`SQLite and Pandas`: `Exercise format examples`¶

Version 0.0.2

All of the header information is important. Please read it..

Topics number of exercises: This problem builds on your knowledge of Pandas and SQLite. It has 2 exercises numbered 0 to 1. There are 10 available points. However to earn 100% the threshold is 10 points. (Therefore once you hit 10 points you can stop. There is no extra credit for exceeding this threshold.)

Exercise ordering: Each exercise builds logically on previous exercises but you may solve them in any order. That is if you can't solve an exercise you can still move on and try the next one. Use this to your advantage as the exercises are not necessarily ordered in terms of difficulty. Higher point values generally indicate more difficult exercises.

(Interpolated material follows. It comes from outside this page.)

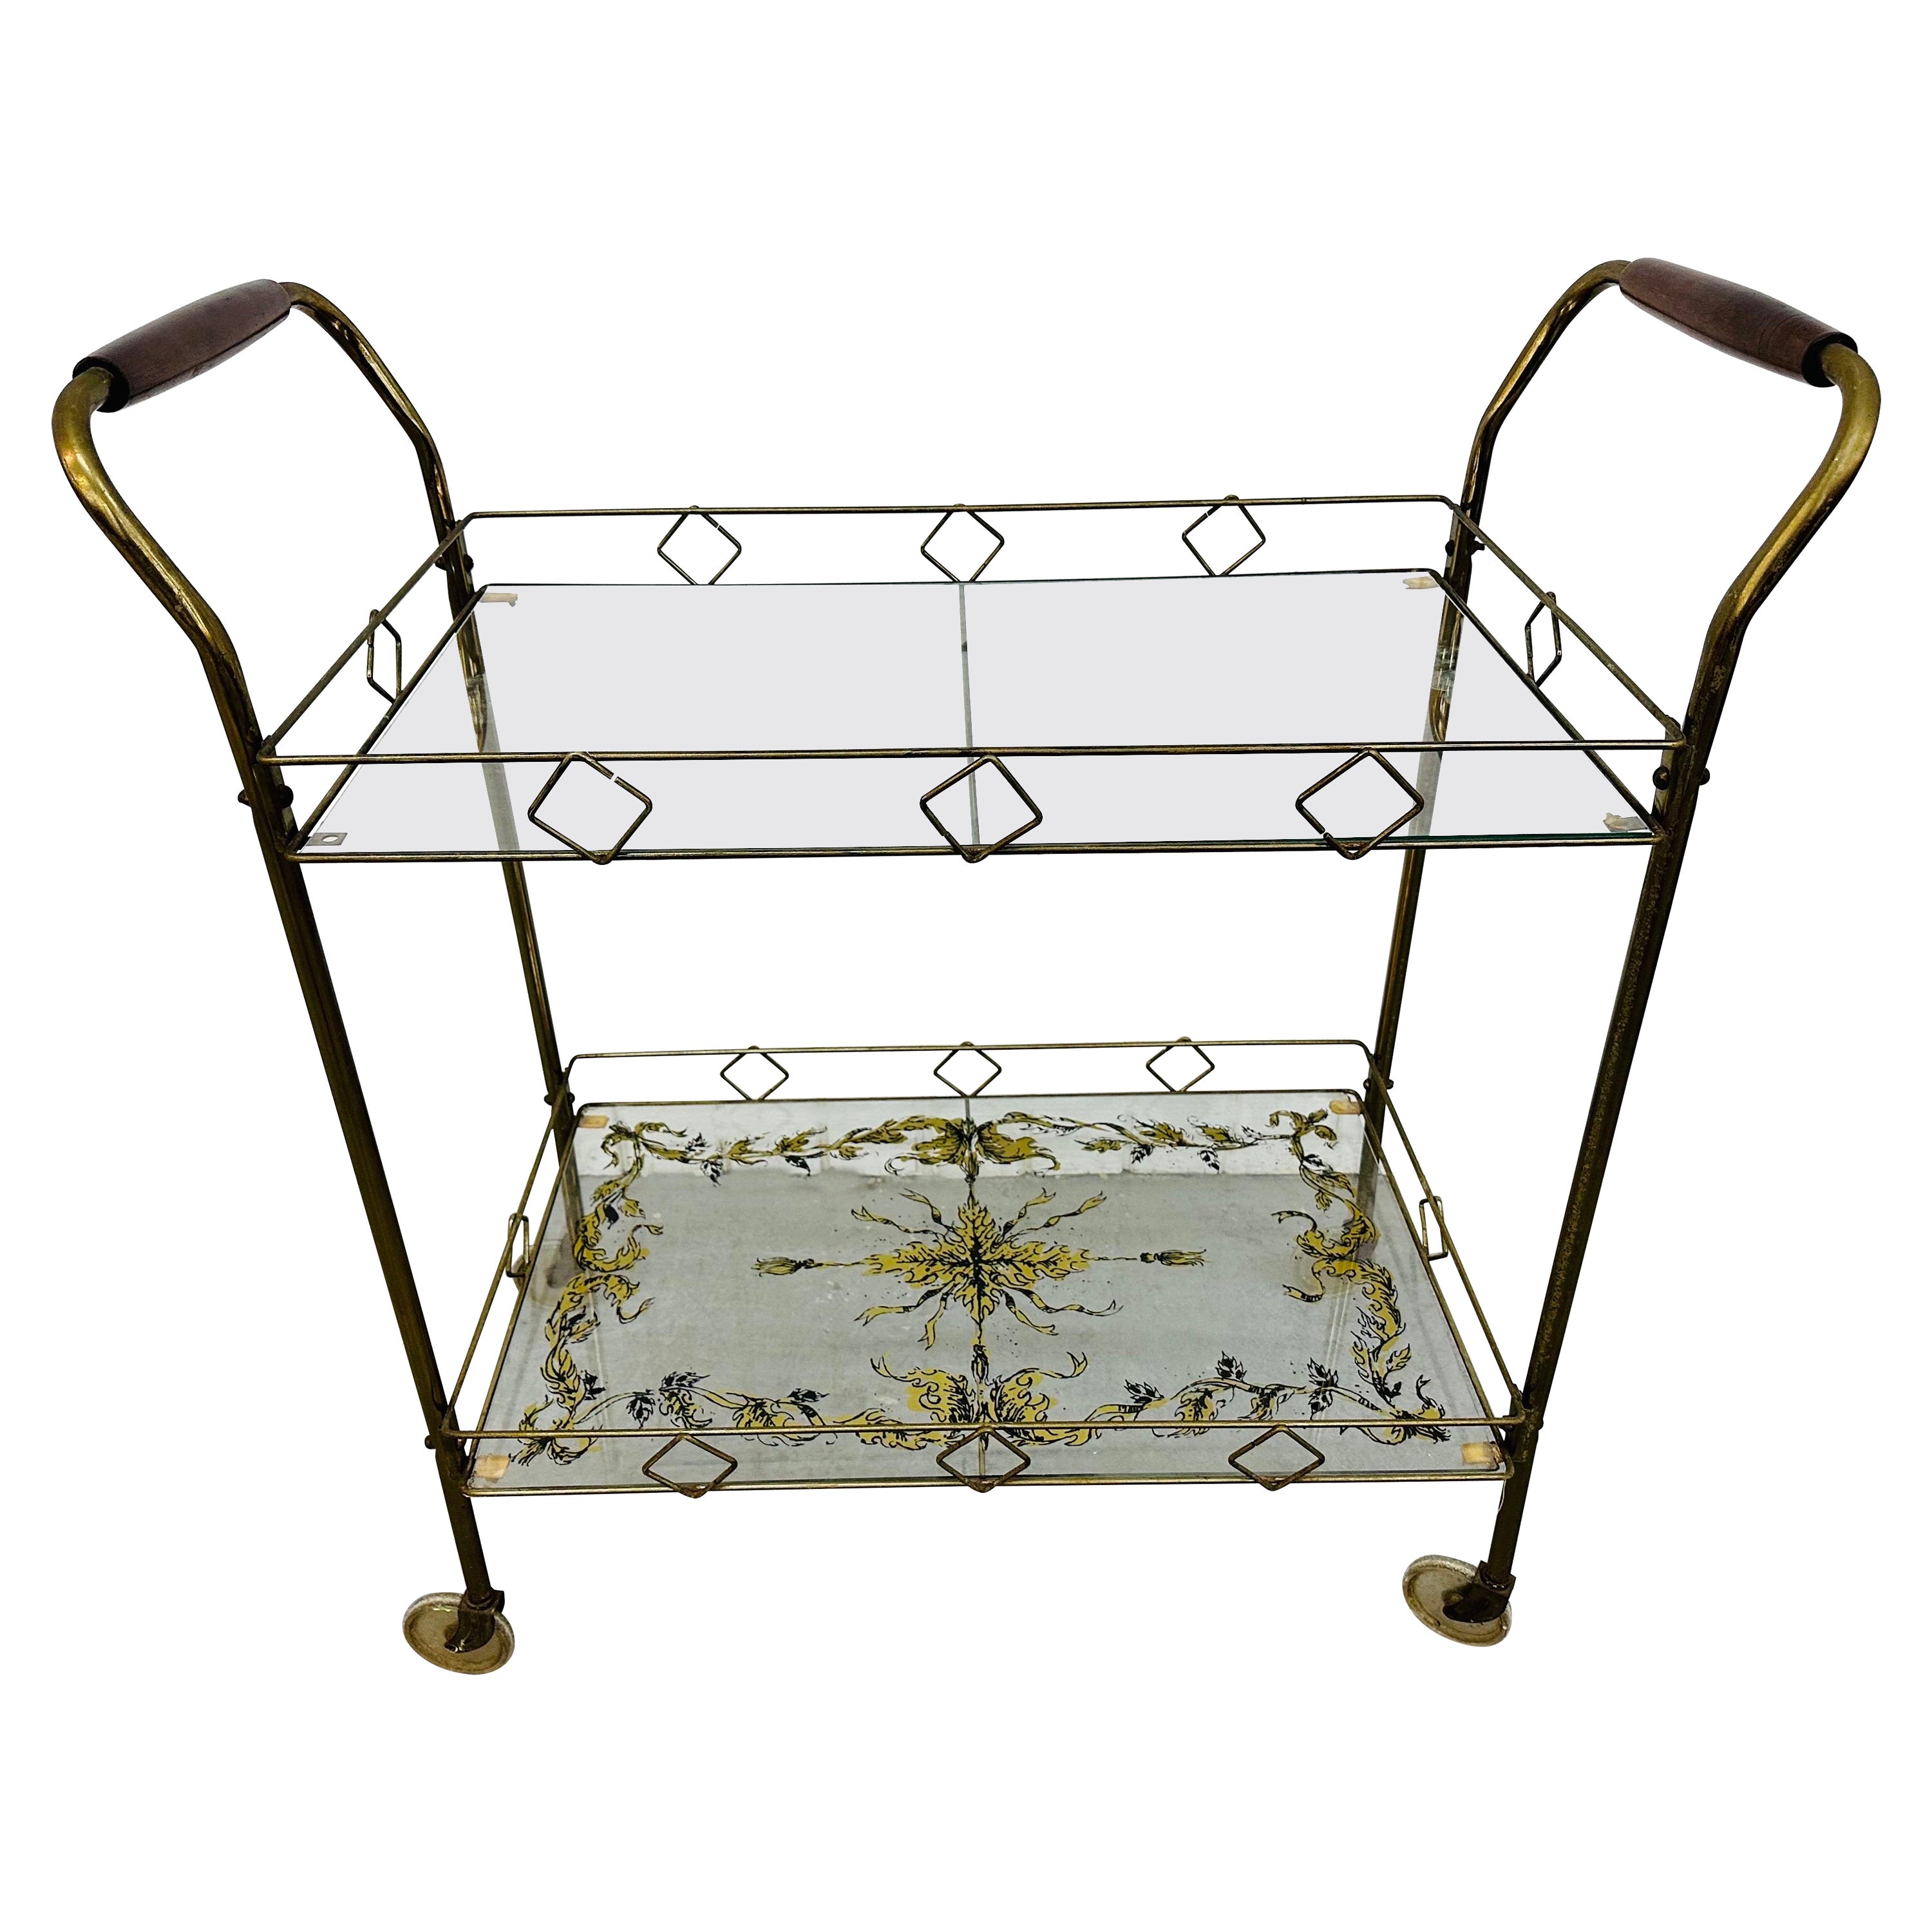 Mid-Century Modern Brass & Glass Bar Cart

Demo cells: Code cells starting with the comment ### Run Me!!! load results from prior exercises applied to the entire data set and use those to build demo inputs. These must be run for subsequent demos to work properly but they do not affect the test cells. The data loaded in these cells may be rather large (at least in terms of human readability). You are free to print or otherwise use Python to explore them but we may not print them in the starter code.

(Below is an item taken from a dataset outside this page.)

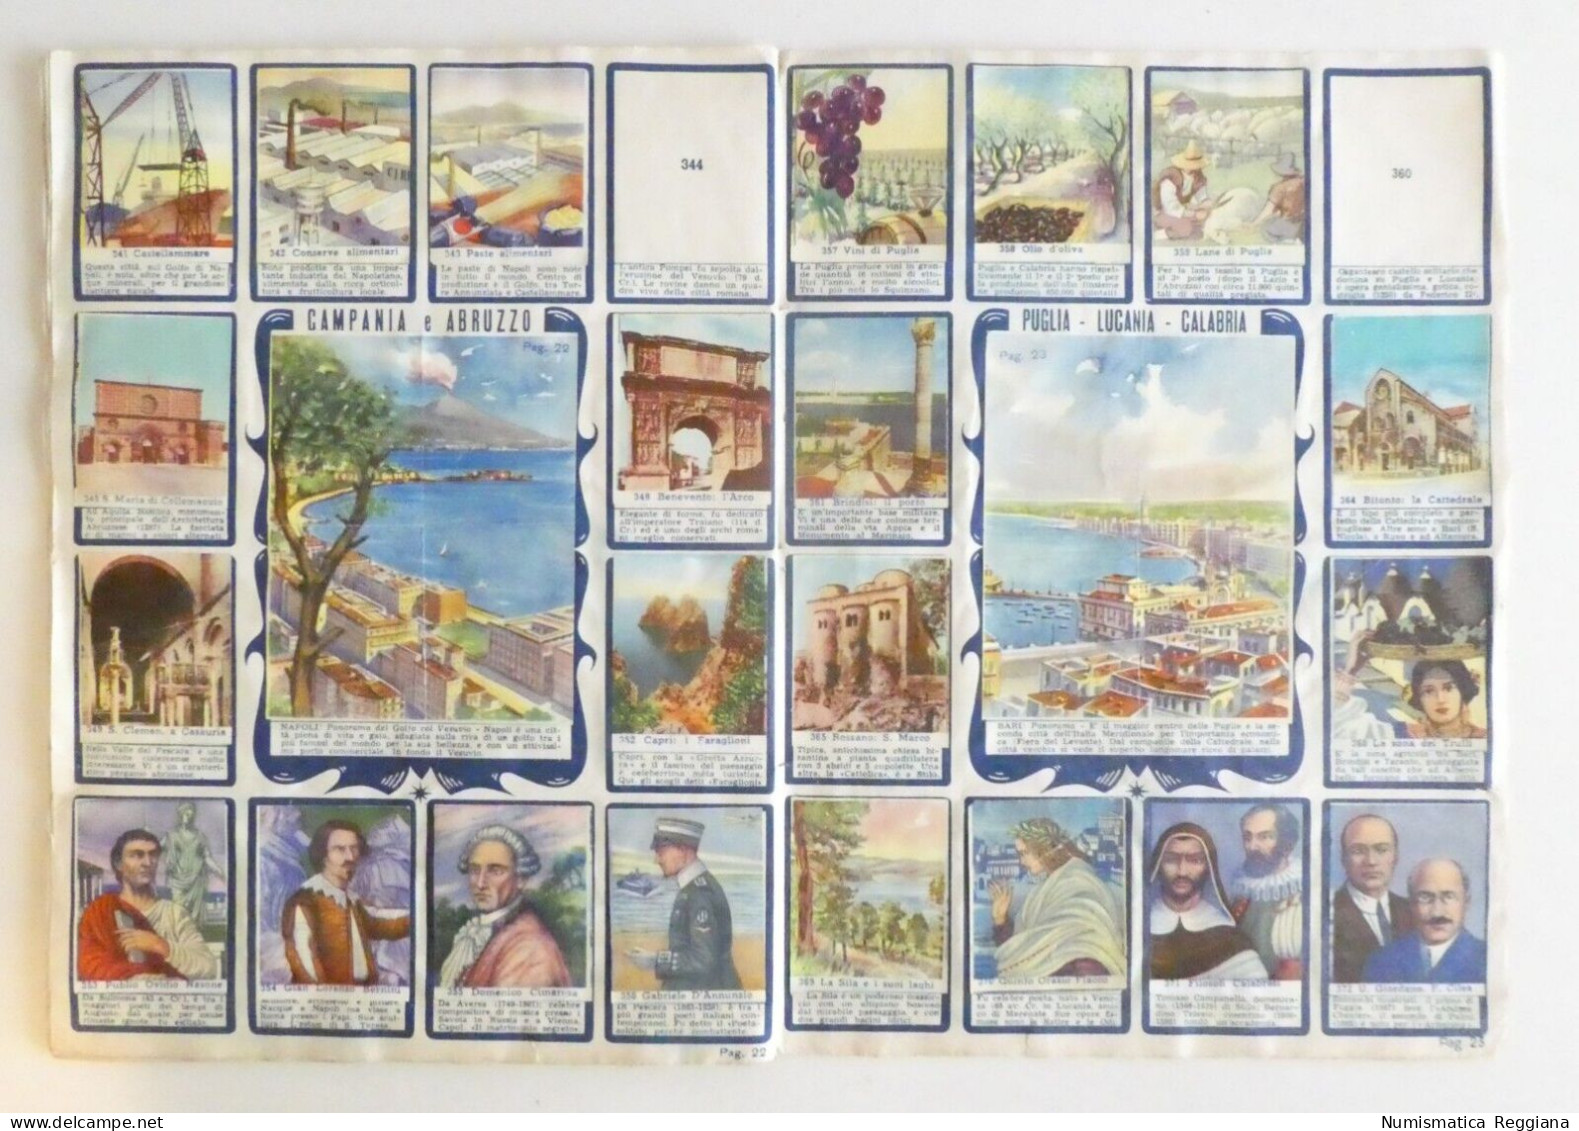 Album figurine le regioni d'Italia - Edizione lampo 1954 (10 figurine mancanti)

Debugging your code: Right before each exercise test cell there is a block of text explaining the variables available to you for debugging. You may use these to test your code and can print/display them as needed (careful when printing large objects you may want to print the head or chunks of rows at a time).

Exercise point breakdown:

Exercise 0 - : 5 point(s)
Exercise 1 - : 5 point(s)

Final reminders:

Submit after every exercise
Review the generated grade report after you submit to see what errors were returned
Stay calm, skip problems as needed and take short breaks at your leisure

### Global imports
import dill
from cse6040_devkit import plugins, utils
import sqlite3 
import pandas as pd 
import numpy as np

Introduction¶

This notebook is to familiarize students with the format for SQLite and Pandas based exercises. The implementation of these examples is very simple. Much simpler than you should expect on an exam. Throughout this notebook the "narrative" will be interrupted by explanation on what you will expect to see.

Data for SQLite exercises¶

There will be a database connection and some details about the relavent tables given in the introduction. You are going to run queries against a similarly structured connection, so it's a good idea to familiarize yourself with the basics to get a sense of what you're working with.

For this example we have a SQLite connection to star_wars.db which contains a bunch of fact tables about the Star Wars film franchise.

conn = sqlite3.connect('resource/asnlib/publicdata/star_wars.db')

pd.read_sql('SELECT * FROM quotes LIMIT 5', conn)

Of particular interest to us is the quotes table. The context is that character_name spoke the quote in the source (film). The primary key for the table is id. The character_name values are expected to contain duplicates, indicating multiple quotes associated with a single character.

SQLite exercise format¶

For these exercises we will ask you to complete a function that returns a string. That string is a SQLite query. In the most basic case the function will take no parameters and you can just return a static string. Since you're returning a query, there isn't a feasible option to solve this type of exercise with Pandas.

Possible variations

Inputs to customize the query
Input validation (i.e. raise an error if a given input doesn't meet a condition)

You will not see

A connection as an input
Table creation
Data inserts/deletes/updates

You're free to work with connections and Pandas to debug. The demos are set up to execute your query. You can use the same pattern for checking against the test data. You don't need to include either of the following in your solution.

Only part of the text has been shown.